Что касается корейских певцов, они поразили исключительно высоким вокальным и актерским мастерством, незаурядным темпераментом и великолепным владением русским языком в русских ариях. Мы здесь в России не очень представляем, на каком просто невероятном уровне в Корее находится интерес к академической музыке. В одном только Сеуле существует пять только исключительно женских симфонических оркестров, а играть на музыкальных инструментах учат всех детей поголовно.

Ну и собственно корейская музыка, представленная, в частности, в самом начале Второго отделения Увертюрой 3 «River Han» поразила необычайной свежестью, оригинальностью, мощной и изысканной в то же время оркестровкой – как будто прекрасные синие горы на восходе солнца мерцают и переливаются, обдуваемые порывами грозового ветра. В этой музыке соседствовали восточная утонченность и европейский лоск, а в ее исполнении Максимом Федотовым чувствовался истинно русский размах.
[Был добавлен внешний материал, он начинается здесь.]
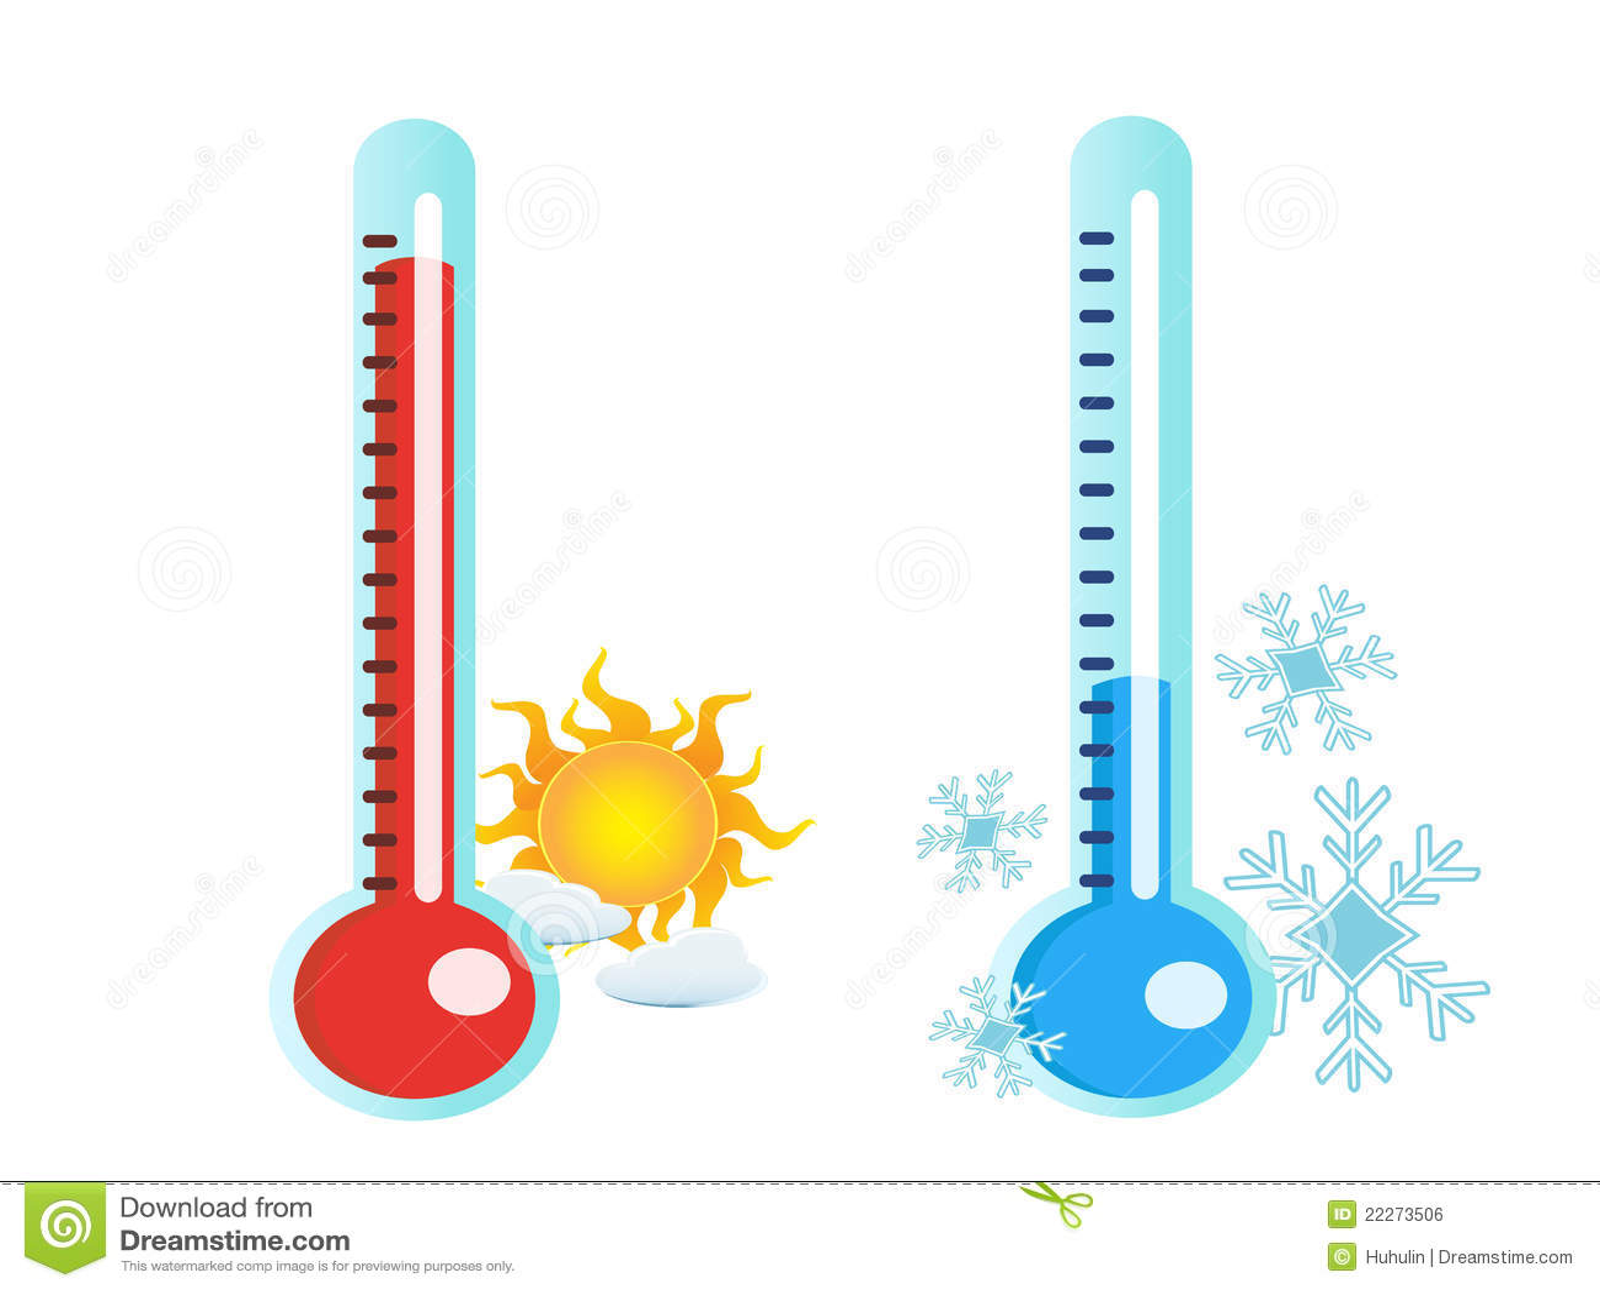 Termometro Na Temperatura Quente E Fria Ilustracao Do Vetor Ilustracao De Termometro Temperatura 22273506 El termómetro es un instrumento de medición de temperatura. dreamstime

Вечер хитов классической оперы, как правило, всегда обречен на кассовый успех. Однако ожидания публики не всегда бывают оправданы. Здесь же мастерство исполнения и солистов, и оркестра под управлением маэстро Федотова превзошло все мыслимые ожидания, и оба отделения прошли в атмосфере феерического праздника. Публика встала для финальных аплодисментов, слышались многократные крики «браво!» и «брависсимо!» - и мы были вознаграждены роскошным бисом в виде Застольной песни из «Травиаты», в которой участвовали все солисты…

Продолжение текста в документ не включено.